PMC · DOI: 10.1016/j.resplu.2025.101208 · 2025-12-24

## TL;DR

This study evaluates a correction factor for hemolysis in measuring neuron-specific enolase to improve neuroprognostication after cardiac arrest.

## Contribution

A novel correction factor for hemolysis in NSE measurements is proposed and evaluated for clinical use.

## Key findings

- A correction factor of 0.33 µg/L per HI increased reported routine samples compared to other hemolysis handling methods.
- The correction factor did not affect biobank samples due to low hemolysis levels.
- Prognostic accuracy of NSE remained unaffected by the correction factor across methods.

## Abstract

Neuron-specific enolase (NSE) from 48 h after cardiac arrest is the only biomarker of brain injury with recommended cut-offs for use in neuroprognostication. Hemolysis elevates levels of NSE and may result in false outcome predictions.

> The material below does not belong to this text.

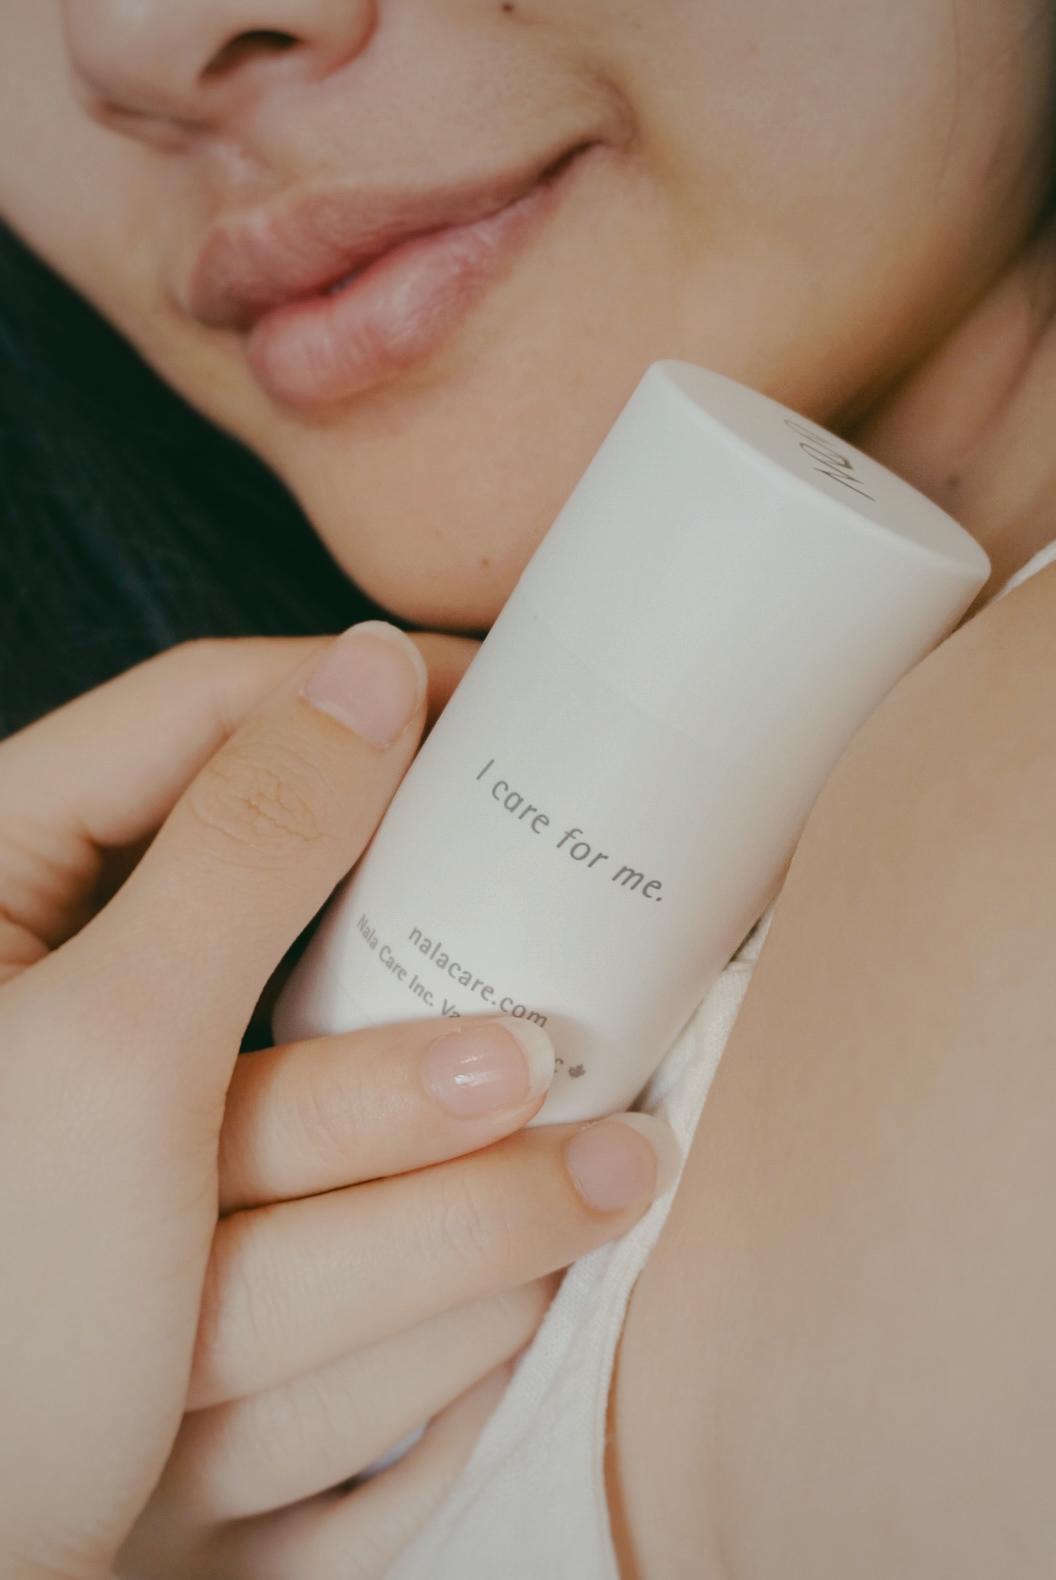 Nala Care free-from deodorant

A correction-factor for hemolysis in reporting of levels of NSE was established and evaluated in (1) incoming routine samples and (2) biobank samples from 48 h after cardiac arrest from the SweCrit biobank. Comparisons were made with three methods for handling hemolysis: Hemolysis Index (HI) 30 mg/dL or HI 50 mg/dL as the highest acceptable level of hemolysis, or a graded approach.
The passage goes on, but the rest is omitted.